Die Regierung hat eine Idee: Aktivrente heißt das. Ich soll 2026 wieder arbeiten gehen, sagen sie. Rentner nochmals aktivieren, sagen sie. Wieder 160 Stunden im Monat. Lohnt sich für mich wirklich nicht.
Von Meinrad Müller
Horst Kowalski, 71, kriegte den Mindestlohn. Im Gespräch mit ihm kommt Volkes Stimme ans Licht: Wegen 300 Euro netto mehr soll ich wieder einrücken, sagen sie. Nein danke. Da bleibe ich lieber auf der Parkbank. Ruhestand hieß es früher. Erst 45 Jahre schuften, Steuern zahlen und dann endlich Ruhe. Mein Plan für den Ruhestand ist glasklar und wunderbar einfach. Morgens um neun auf der Parkbank an der Spree in Charlottenburg sitzen und Enten füttern. Punkt.
Kopfhörer tief in den Ohren, Heavy Metal aus der wilden Jugendzeit, Black Sabbath, Iron Maiden oder Slayer. Laut genug, dass die Ente neben mir mit dem Kopf wippt. Dazu eine Flasche Bier vom Kiosk in der Hand wärmen, damit sie nicht allzu kalt auf den empfindlichen Rentnermagen schlägt.
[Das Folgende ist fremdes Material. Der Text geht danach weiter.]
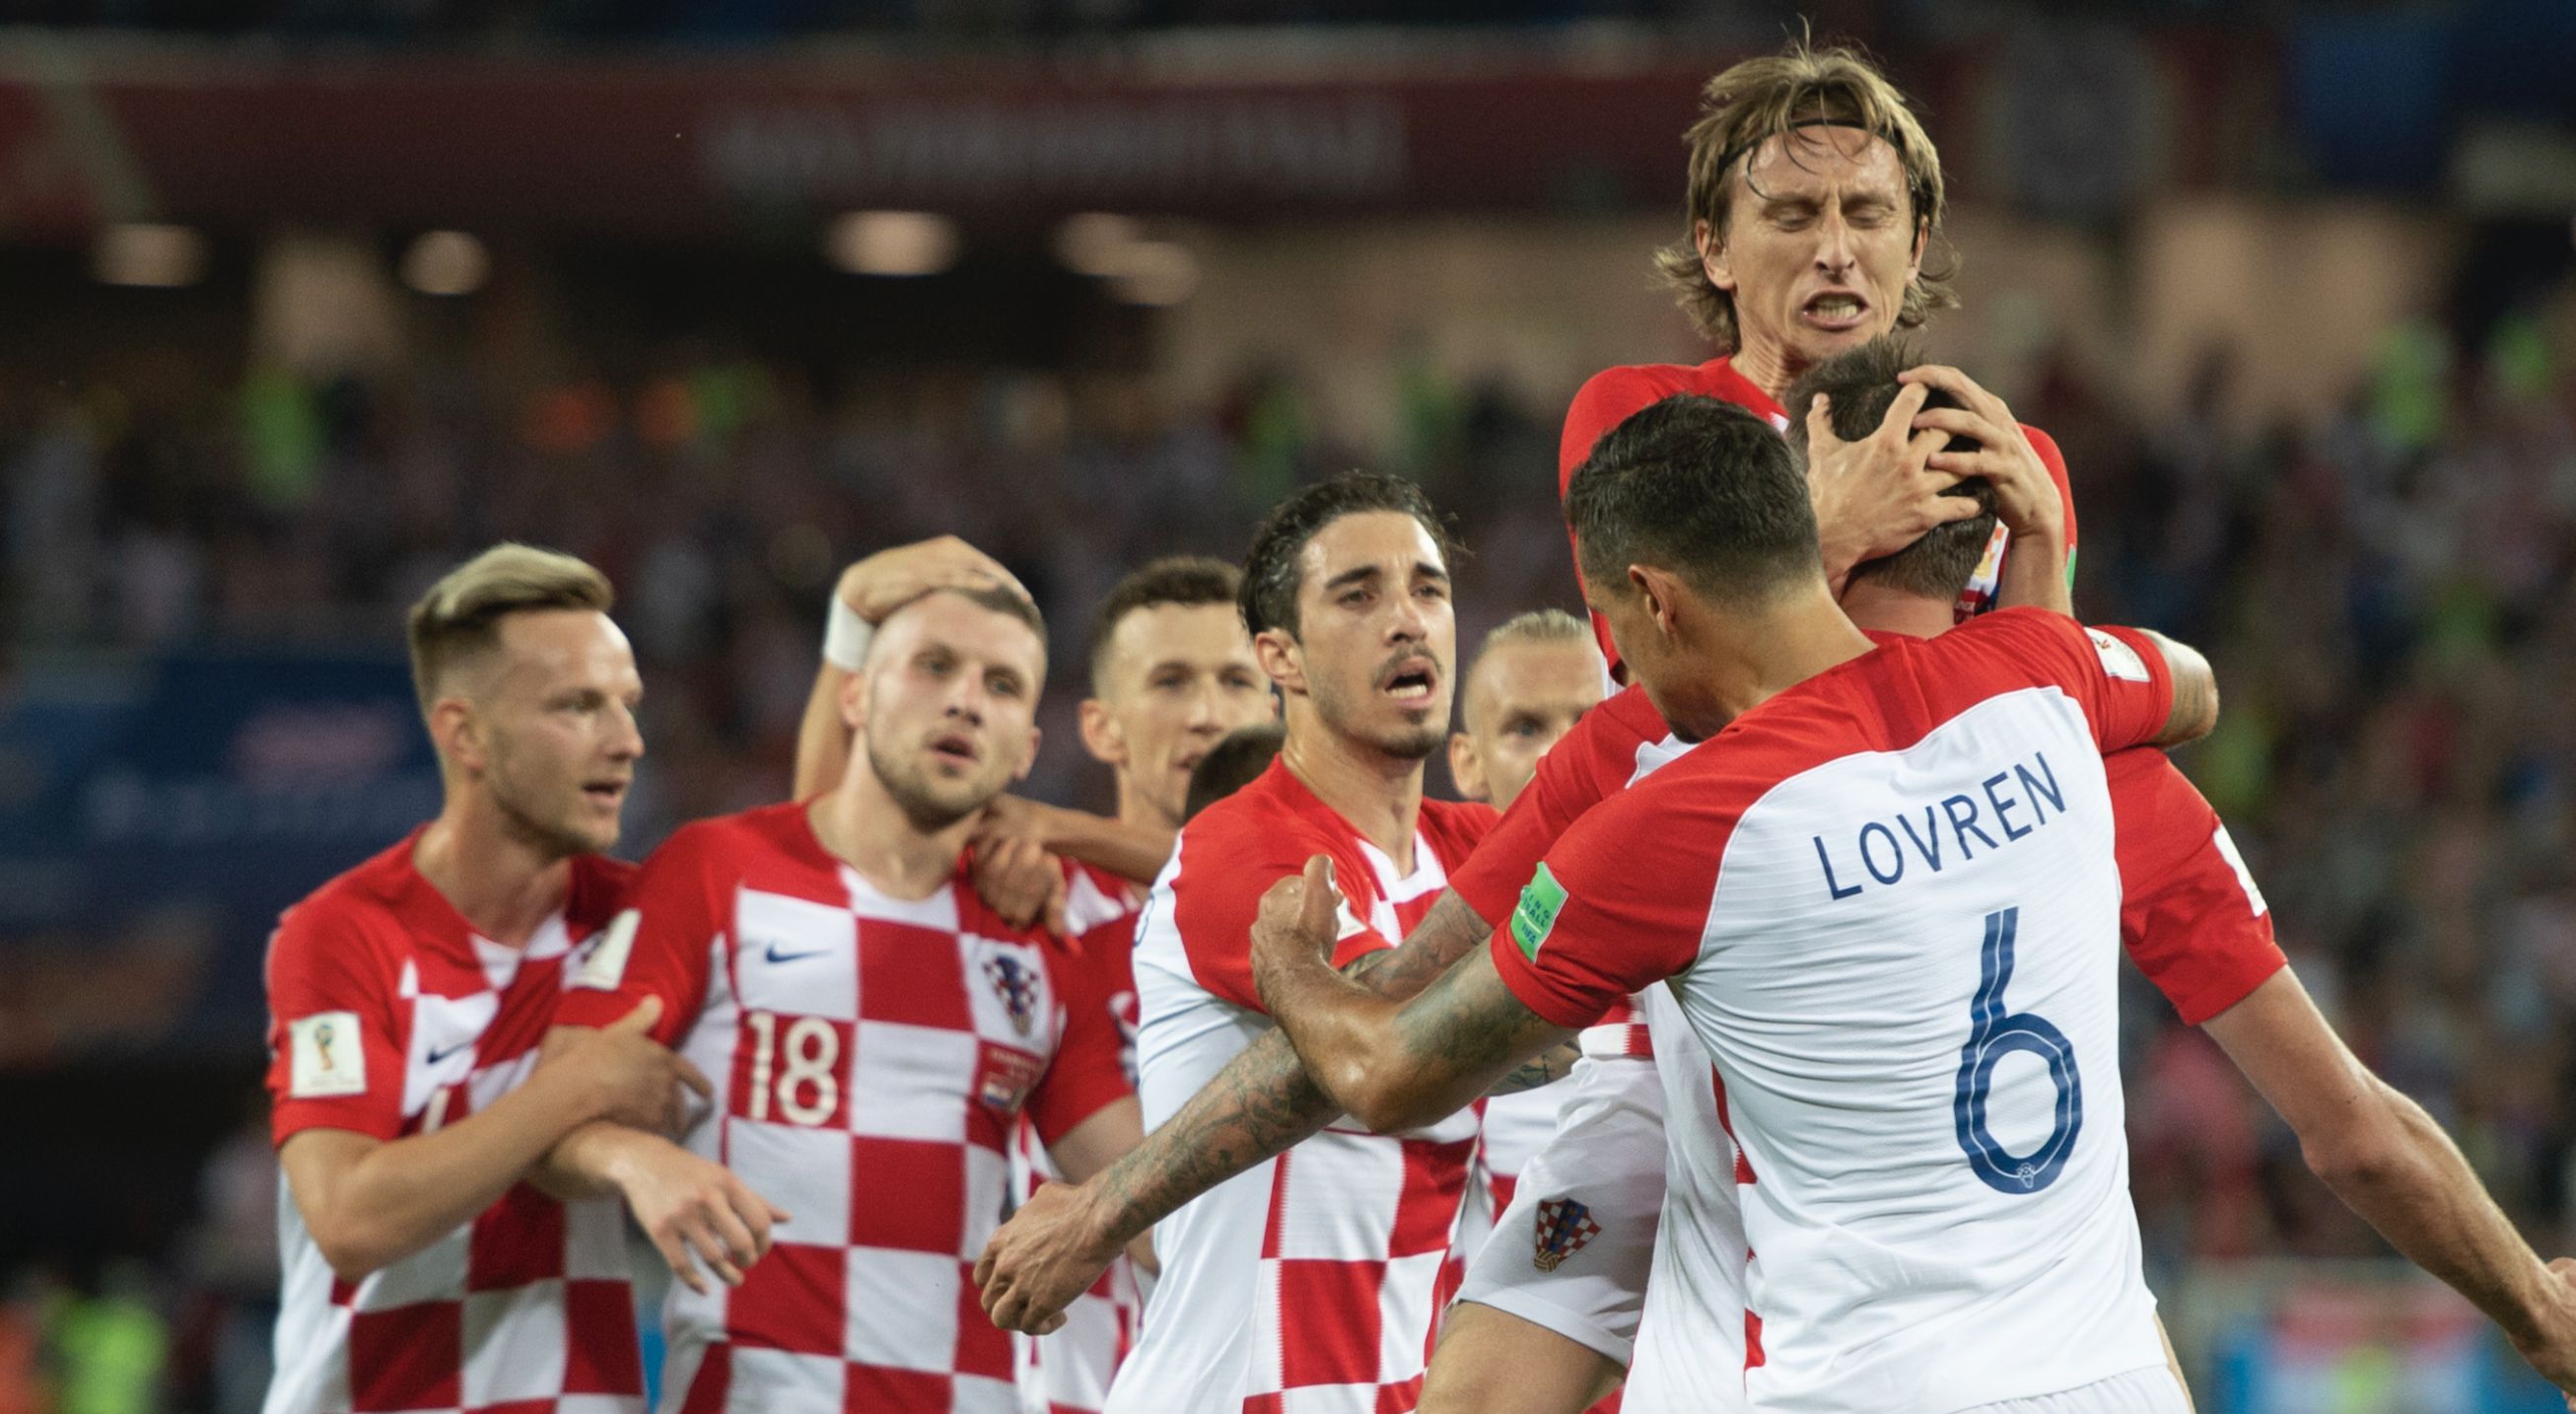 Αζερμπαϊτζάν - Κροατία Euro 2020 9/9/2019 προγνωστικά στοίχημα ανάλυση

Vielleicht noch eine billige Zigarre im Mundwinkel. Man raucht sie nicht richtig, sagt er. Ich paffe nur und sitze da, lasse den Rauch der Welt an mir vorbeiziehen und grinse innerlich.
Ich schaue den Jungen zu. Denen mit schicker Aktentasche, darin der Nudelsalat, weil die Kantine zu teuer ist. Alle hetzen sie zur U-Bahn, als hänge das Schicksal der Nation an ihrer Pünktlichkeit. Wie wichtig sie sich vorkommen. Dabei rennen sie im Grunde nur einem Traum hinterher. Irgendwann auch einmal hier auf einer Parkbank am Fluss sitzen zu dürfen. Mit Bier, Zigarre und dröhnendem Heavy-Metal. Arme Würstchen, denke ich. Ihr müsst noch Jahrzehnte buckeln, bis ihr auf meine Bank dürft.
Jetzt kommt die Regierung und verkauft das als Fortschritt. Aktivrente. Ab 2026 dürft ihr Rentner 2000 Euro steuerfrei dazuverdienen. Super, oder? Aktiv heißt in Wahrheit nochmals malochen. Und das alles wegen 300 Euro weniger Abzügen. Rechnet sich nicht. Ich will doch endlich passiv sein. Die Entenfütter-Rente reicht. Mager, aber reicht.
Statt Spreeufer, mit Blick auf Boote und Geflügel, wieder ins Werk? Der Ex-Chef ruft an. „Horst, mit der Aktivrente lohnt sich das doch jetzt“. Der Mann kann genauso wenig rechnen wie die Regierung. Von der sind wir das ja gewohnt.
300 Euro weniger Abzüge motivieren mich nicht. Und mein Kegelbruder Wilfried, Selbstständiger, kann gar nichts aktiv dazuverdienen. Das nennen sie soziale Gerechtigkeit. Die können sie sich wo hinschieben. Danke, Regierung.
Ich bleibe eisern bei meiner Passivrente von 1420 Euro. Schönen Dank auch für 45 Jahre am Fließband bei BMW in Berlin Spandau. Mein Platz auf städtischen Parkbank an der schönen Spree bleibt besetzt. Jeden Morgen um neun. Mit Bier, Zigarre und Heavy Metal. Die Enten warten schon. Sollen die anderen hetzen. Ich habe endlich Zeit.